Task goal. With the line containing "一图读懂《广州市重要电力用户管理办法》.jpg" as the starting point, output every line of the data below through its final line, character for character.

[Data items]

###

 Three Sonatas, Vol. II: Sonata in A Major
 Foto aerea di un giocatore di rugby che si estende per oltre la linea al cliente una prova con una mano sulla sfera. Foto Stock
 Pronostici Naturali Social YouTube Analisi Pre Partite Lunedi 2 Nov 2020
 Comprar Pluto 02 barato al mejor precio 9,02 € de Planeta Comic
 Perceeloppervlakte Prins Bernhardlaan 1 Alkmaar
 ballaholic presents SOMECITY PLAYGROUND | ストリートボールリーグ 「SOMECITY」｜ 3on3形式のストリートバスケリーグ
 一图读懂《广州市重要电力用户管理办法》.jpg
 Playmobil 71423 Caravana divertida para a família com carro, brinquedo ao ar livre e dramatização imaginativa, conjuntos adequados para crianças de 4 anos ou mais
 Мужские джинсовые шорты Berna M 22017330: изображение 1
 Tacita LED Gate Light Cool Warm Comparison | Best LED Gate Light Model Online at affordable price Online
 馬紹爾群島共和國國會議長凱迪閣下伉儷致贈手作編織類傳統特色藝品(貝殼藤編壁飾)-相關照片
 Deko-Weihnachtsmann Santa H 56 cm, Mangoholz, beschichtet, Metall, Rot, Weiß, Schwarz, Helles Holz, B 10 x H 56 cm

###

Solved exercise.
 一图读懂《广州市重要电力用户管理办法》.jpg
 Playmobil 71423 Caravana divertida para a família com carro, brinquedo ao ar livre e dramatização imaginativa, conjuntos adequados para crianças de 4 anos ou mais
 Мужские джинсовые шорты Berna M 22017330: изображение 1
 Tacita LED Gate Light Cool Warm Comparison | Best LED Gate Light Model Online at affordable price Online
 馬紹爾群島共和國國會議長凱迪閣下伉儷致贈手作編織類傳統特色藝品(貝殼藤編壁飾)-相關照片
 Deko-Weihnachtsmann Santa H 56 cm, Mangoholz, beschichtet, Metall, Rot, Weiß, Schwarz, Helles Holz, B 10 x H 56 cm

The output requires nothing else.